Despite recent therapeutic advances, current approaches to treating cancer remain incomplete. Cellular systems critical to the growth and survival of many tumors remain unaddressed by currently available treatments. Heat shock protein 90 (Hsp90) is a central component of the cellular chaperone system – a system that supports and stabilizes cancer-causing proteins such as c-Kit, EGFR, and HER2. Inhibition of Hsp90 knocks out a critical source of support for cancer cells, leading to tumor growth inhibition and cancer cell death. Thus, targeted anti-chaperone therapy via inhibition of Hsp90 may represent a significant yet currently unaddressed strategy for treating patients with cancer.
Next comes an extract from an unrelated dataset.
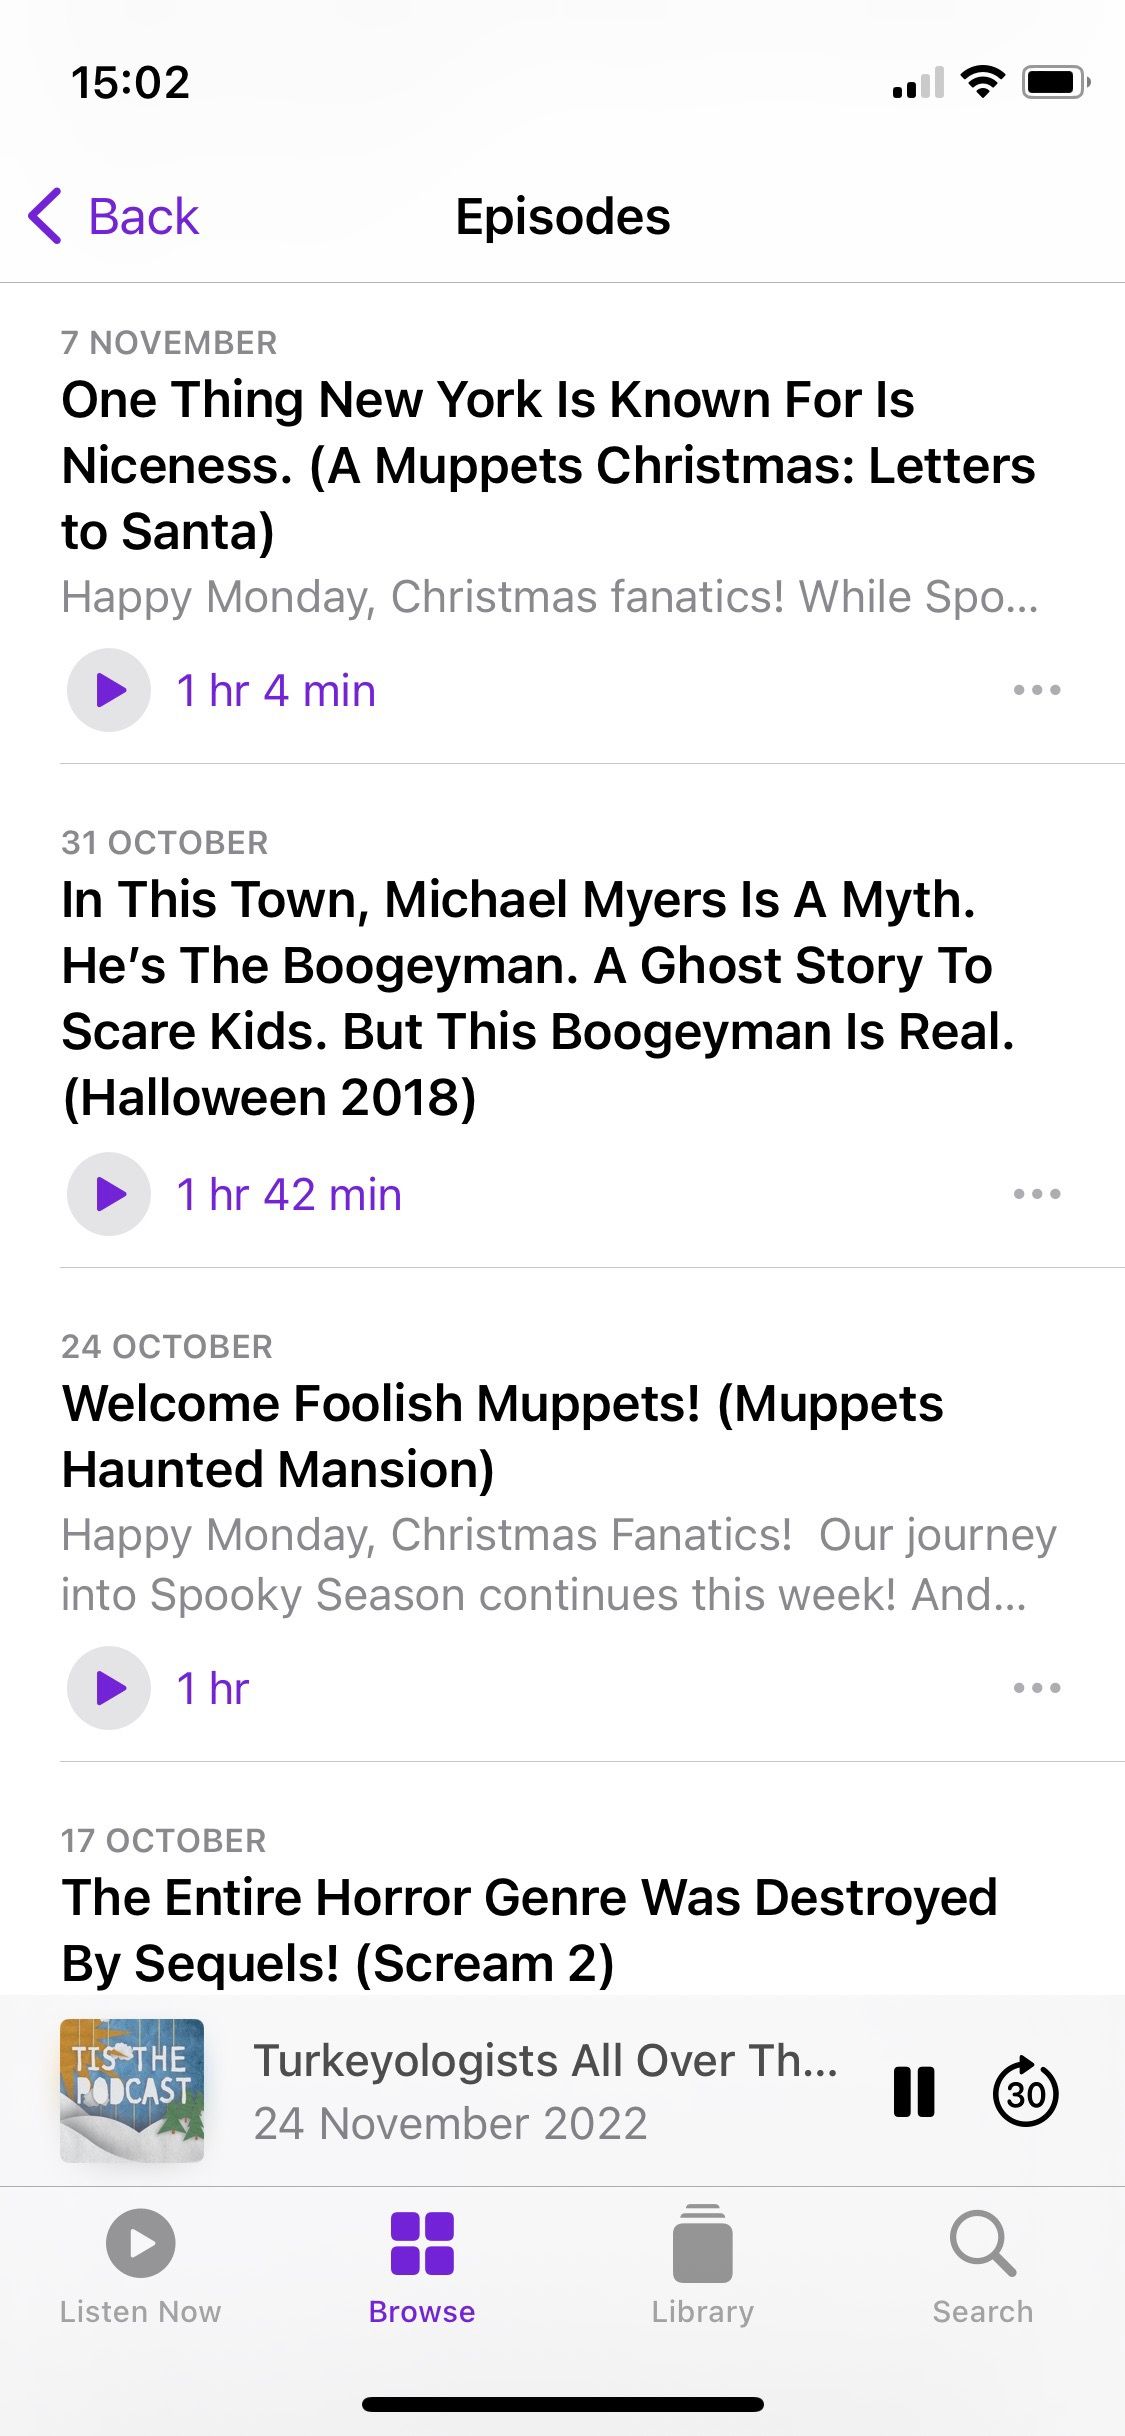 Capture d'écran de Tis the Podcast montrant la liste des épisodes
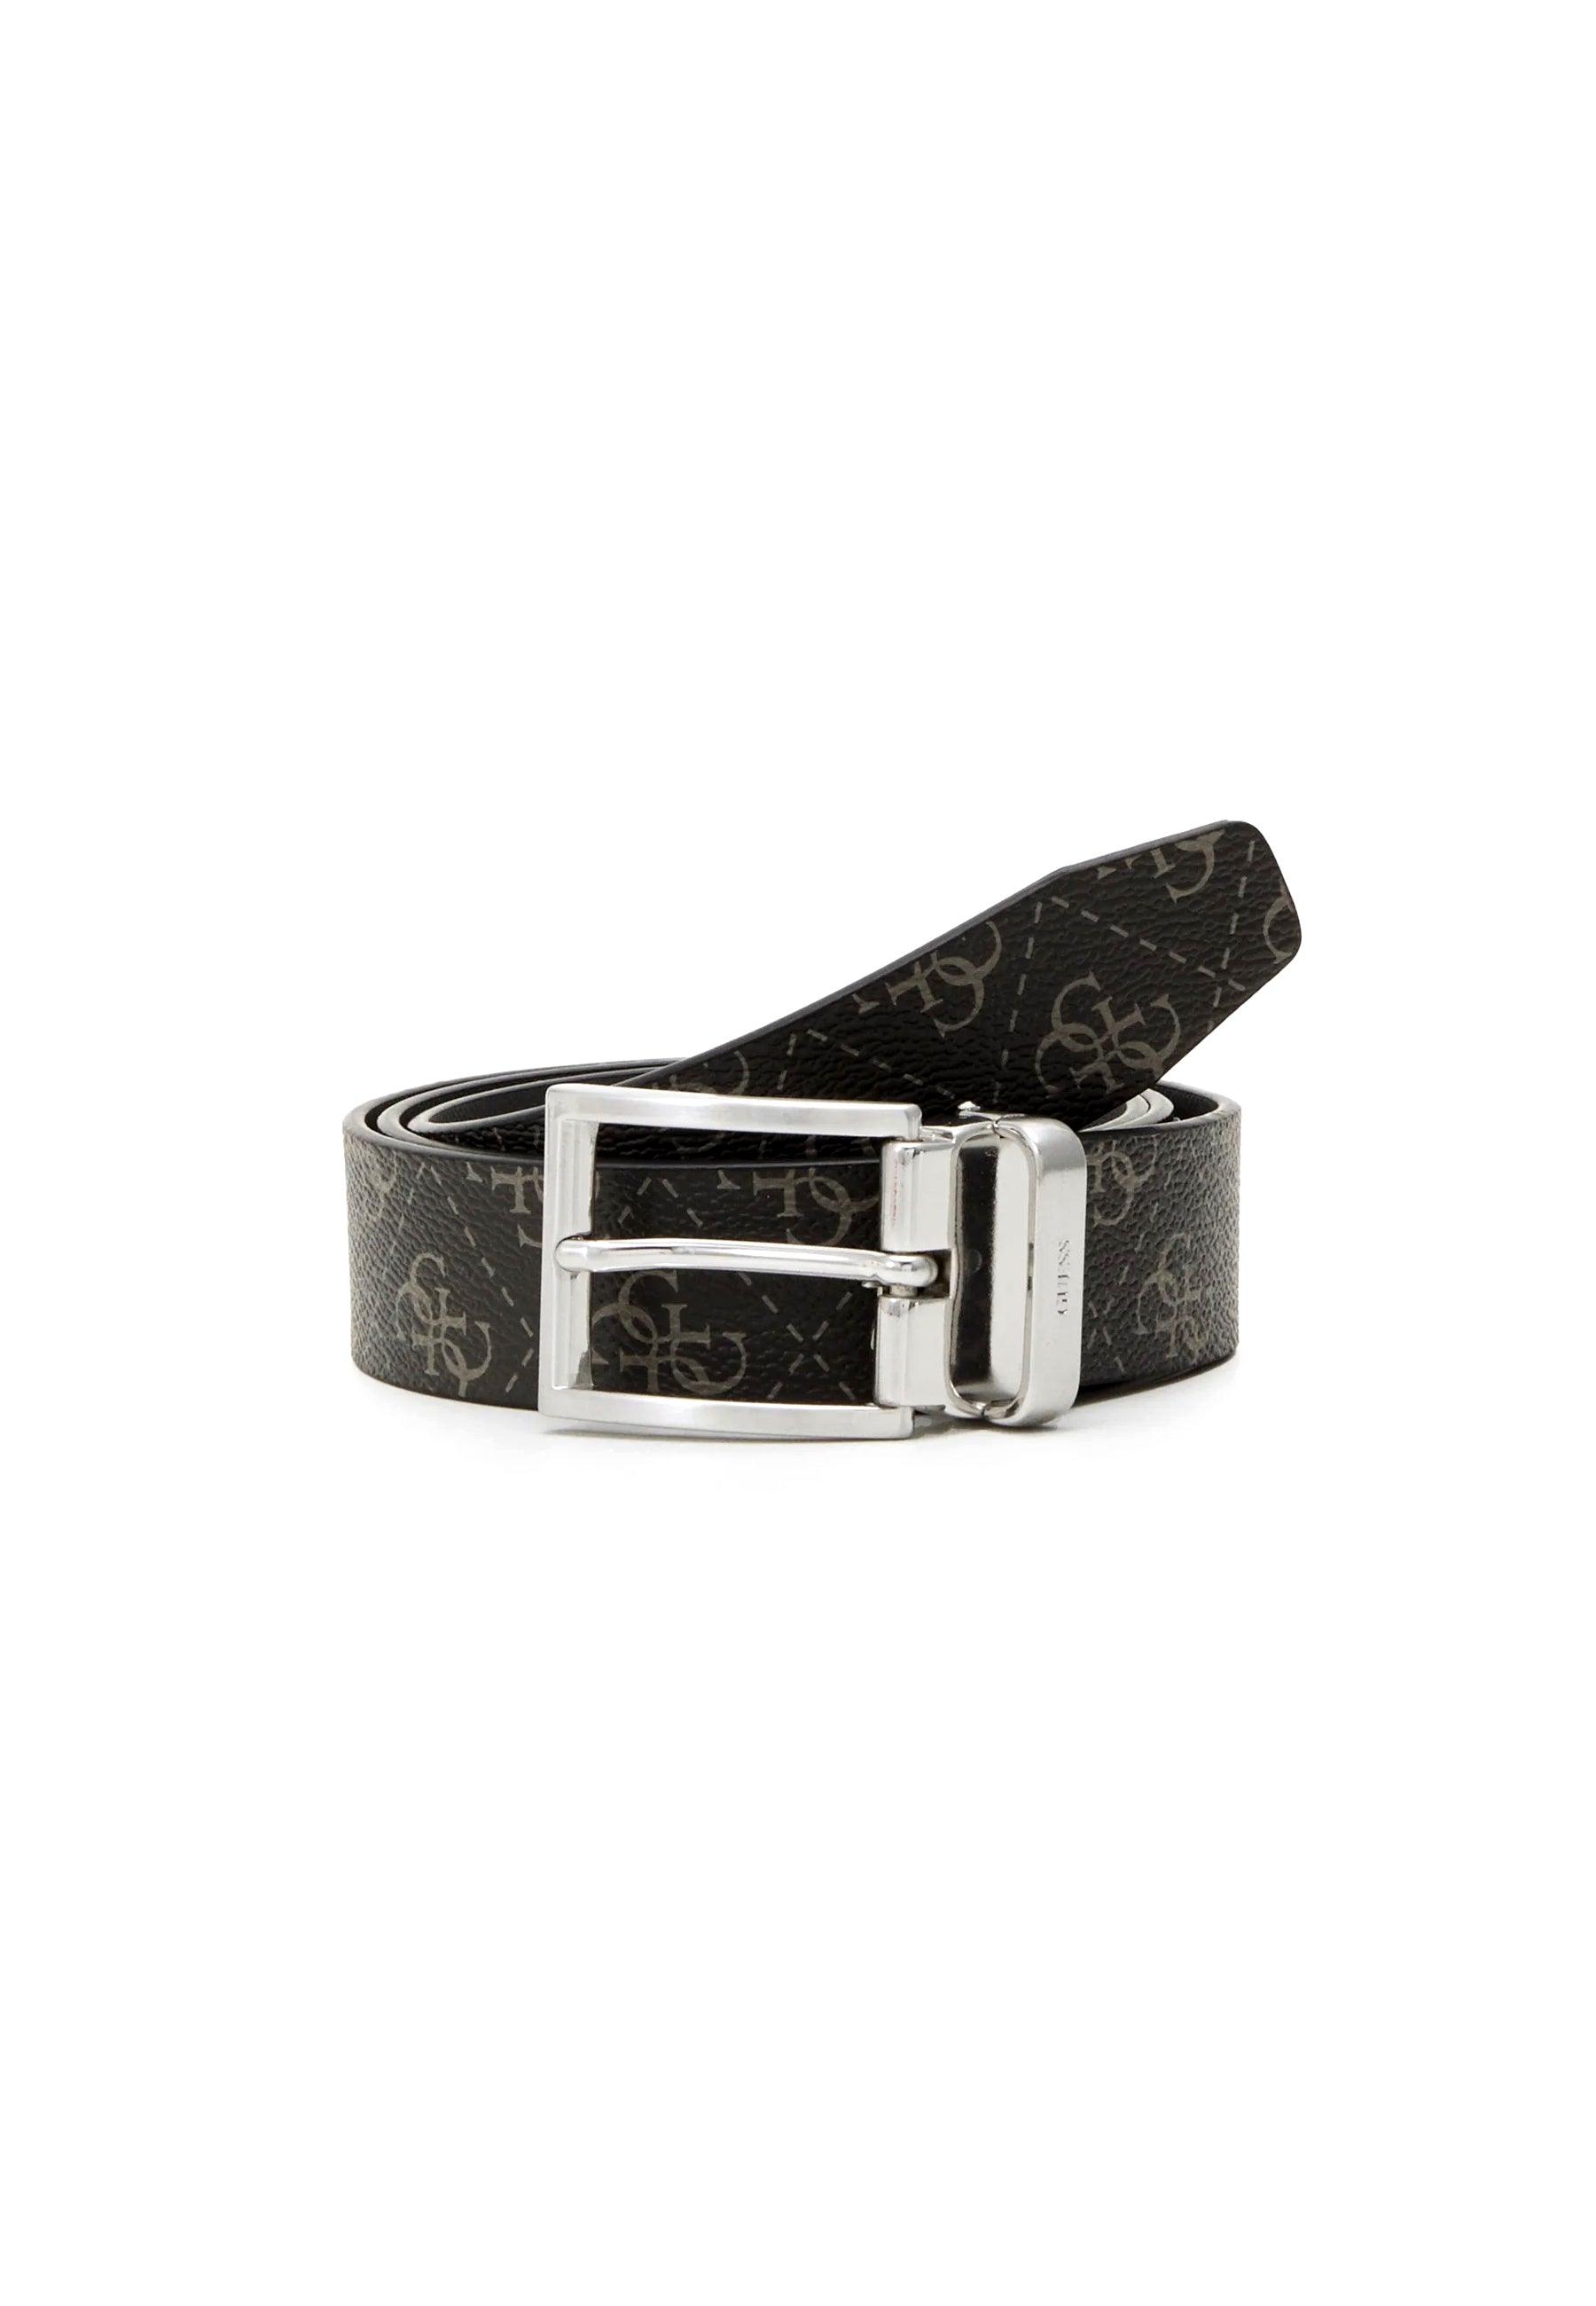 GUESS Cintura Loghi Uomo Dark Black BM7541LEA35 - Sandrini Calzature e Abbigliamento

Hsp90 Structure and Function Hsp90 Inhibition

IPI-504 (retaspimycin hydrochloride) is a novel, targeted anti-chaperone agent that has shown potent and selective inhibition of Hsp90 in preclinical studies. IPI-504 is currently being evaluated in multiple disease-focused clinical trials, as well as in combination with chemotherapy. Infinity anticipates launching a Phase 3 registration trial of IPI-504 in patients with refractory gastrointestinal stromal tumors in the third quarter of 2008.

Infinity is also developing an oral inhibitor of Hsp90, IPI-493, and anticipates commencing a Phase 1 clinical trial with IPI-493 in mid-2008.

IPI-504 and IPI-493 are being jointly developed by AstraZeneca/MedImmune.